Segment Open
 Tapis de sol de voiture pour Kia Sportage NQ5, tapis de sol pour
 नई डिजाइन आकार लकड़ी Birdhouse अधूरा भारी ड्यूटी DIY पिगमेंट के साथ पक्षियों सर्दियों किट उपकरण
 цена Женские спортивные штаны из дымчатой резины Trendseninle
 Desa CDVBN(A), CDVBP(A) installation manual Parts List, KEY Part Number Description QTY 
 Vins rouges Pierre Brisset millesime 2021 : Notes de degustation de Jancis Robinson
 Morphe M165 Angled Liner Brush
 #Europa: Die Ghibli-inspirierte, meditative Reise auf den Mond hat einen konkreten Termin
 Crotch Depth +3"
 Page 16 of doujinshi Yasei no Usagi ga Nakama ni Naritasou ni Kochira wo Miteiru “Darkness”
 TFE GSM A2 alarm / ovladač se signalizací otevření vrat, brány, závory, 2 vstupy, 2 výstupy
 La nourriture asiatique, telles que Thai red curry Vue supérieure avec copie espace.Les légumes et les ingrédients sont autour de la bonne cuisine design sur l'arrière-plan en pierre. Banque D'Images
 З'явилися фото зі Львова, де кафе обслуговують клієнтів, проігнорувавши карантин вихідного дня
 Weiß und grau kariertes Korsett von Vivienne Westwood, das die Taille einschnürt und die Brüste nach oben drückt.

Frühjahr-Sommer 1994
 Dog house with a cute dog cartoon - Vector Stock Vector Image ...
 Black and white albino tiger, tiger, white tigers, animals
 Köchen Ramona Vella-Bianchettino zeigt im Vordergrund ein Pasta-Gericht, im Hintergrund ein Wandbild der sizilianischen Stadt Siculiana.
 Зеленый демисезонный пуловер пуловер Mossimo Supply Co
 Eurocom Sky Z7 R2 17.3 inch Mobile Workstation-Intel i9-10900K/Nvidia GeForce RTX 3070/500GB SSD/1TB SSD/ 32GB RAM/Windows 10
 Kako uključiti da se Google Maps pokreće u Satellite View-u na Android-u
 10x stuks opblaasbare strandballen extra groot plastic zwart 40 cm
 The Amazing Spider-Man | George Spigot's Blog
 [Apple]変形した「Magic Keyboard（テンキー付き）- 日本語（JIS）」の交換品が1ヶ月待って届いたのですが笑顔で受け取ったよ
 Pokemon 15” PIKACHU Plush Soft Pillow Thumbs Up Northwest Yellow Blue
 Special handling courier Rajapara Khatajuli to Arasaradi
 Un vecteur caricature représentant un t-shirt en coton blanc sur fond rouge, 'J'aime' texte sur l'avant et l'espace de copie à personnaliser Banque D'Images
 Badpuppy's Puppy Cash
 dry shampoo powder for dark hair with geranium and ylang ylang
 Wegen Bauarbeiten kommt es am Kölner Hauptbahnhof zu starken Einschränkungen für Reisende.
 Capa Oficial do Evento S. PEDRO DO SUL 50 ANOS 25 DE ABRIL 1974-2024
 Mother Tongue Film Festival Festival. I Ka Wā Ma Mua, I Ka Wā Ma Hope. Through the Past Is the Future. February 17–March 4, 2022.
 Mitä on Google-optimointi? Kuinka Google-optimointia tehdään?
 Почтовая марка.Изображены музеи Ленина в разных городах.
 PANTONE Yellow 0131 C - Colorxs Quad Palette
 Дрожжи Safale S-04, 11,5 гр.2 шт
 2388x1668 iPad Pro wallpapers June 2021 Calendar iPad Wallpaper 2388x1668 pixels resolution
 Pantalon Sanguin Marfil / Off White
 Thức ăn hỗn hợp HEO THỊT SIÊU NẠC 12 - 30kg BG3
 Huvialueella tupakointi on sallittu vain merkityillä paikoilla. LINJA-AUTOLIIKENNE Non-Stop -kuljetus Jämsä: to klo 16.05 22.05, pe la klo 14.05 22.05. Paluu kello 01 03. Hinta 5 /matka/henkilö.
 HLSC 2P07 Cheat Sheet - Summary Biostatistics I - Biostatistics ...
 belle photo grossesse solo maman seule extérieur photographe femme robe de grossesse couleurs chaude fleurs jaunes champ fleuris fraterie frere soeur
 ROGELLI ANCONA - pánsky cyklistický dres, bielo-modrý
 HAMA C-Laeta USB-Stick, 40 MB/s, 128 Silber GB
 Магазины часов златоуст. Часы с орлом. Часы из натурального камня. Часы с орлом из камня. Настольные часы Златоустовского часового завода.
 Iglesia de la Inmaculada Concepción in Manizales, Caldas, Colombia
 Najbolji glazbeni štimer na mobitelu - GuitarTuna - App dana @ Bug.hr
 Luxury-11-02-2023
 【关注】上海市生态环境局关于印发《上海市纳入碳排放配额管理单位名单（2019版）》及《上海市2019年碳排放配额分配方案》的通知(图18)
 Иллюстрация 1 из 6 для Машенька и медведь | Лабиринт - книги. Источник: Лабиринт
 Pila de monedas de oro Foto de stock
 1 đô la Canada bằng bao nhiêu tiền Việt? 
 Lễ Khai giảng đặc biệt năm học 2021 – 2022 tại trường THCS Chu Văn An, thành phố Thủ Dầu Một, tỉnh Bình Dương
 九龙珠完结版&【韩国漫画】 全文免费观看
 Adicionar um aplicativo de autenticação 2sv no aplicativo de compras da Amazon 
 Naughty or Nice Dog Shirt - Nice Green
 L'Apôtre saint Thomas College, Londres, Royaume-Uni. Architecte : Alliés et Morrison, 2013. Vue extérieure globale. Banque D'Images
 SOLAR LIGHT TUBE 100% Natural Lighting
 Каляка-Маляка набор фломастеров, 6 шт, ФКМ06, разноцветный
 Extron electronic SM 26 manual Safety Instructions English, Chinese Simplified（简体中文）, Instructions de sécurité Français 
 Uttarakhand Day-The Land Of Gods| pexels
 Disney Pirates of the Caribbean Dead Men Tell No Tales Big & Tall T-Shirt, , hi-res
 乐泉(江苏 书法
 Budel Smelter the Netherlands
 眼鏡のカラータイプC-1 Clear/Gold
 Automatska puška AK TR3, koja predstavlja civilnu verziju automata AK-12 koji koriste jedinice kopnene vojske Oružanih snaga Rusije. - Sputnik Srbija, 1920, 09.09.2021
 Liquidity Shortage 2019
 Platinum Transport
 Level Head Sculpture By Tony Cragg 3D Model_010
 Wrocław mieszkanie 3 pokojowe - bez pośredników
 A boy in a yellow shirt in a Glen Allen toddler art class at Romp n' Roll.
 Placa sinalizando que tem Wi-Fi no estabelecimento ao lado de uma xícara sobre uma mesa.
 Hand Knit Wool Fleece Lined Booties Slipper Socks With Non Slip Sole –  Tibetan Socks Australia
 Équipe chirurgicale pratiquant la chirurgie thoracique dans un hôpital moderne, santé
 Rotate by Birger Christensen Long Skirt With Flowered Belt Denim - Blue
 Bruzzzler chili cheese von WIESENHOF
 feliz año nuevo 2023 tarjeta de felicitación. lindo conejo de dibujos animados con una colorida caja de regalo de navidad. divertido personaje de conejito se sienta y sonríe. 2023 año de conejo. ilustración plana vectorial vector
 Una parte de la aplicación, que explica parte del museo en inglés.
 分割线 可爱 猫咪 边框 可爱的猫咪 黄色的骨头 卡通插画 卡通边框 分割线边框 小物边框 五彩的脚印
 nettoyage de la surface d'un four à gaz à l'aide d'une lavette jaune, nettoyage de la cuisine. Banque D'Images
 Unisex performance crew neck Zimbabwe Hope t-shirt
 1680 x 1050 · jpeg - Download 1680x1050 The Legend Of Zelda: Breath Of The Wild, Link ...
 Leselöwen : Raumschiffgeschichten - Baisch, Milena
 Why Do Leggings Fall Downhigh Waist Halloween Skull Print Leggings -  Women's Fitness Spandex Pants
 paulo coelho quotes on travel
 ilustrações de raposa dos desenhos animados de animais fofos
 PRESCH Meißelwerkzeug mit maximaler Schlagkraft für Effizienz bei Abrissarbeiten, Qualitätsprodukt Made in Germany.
Segment Closed
Task description: Filter the records for lines holding the string "espace". Copy each one.

Completed exercise:
 La nourriture asiatique, telles que Thai red curry Vue supérieure avec copie espace.Les légumes et les ingrédients sont autour de la bonne cuisine design sur l'arrière-plan en pierre. Banque D'Images
 Un vecteur caricature représentant un t-shirt en coton blanc sur fond rouge, 'J'aime' texte sur l'avant et l'espace de copie à personnaliser Banque D'Images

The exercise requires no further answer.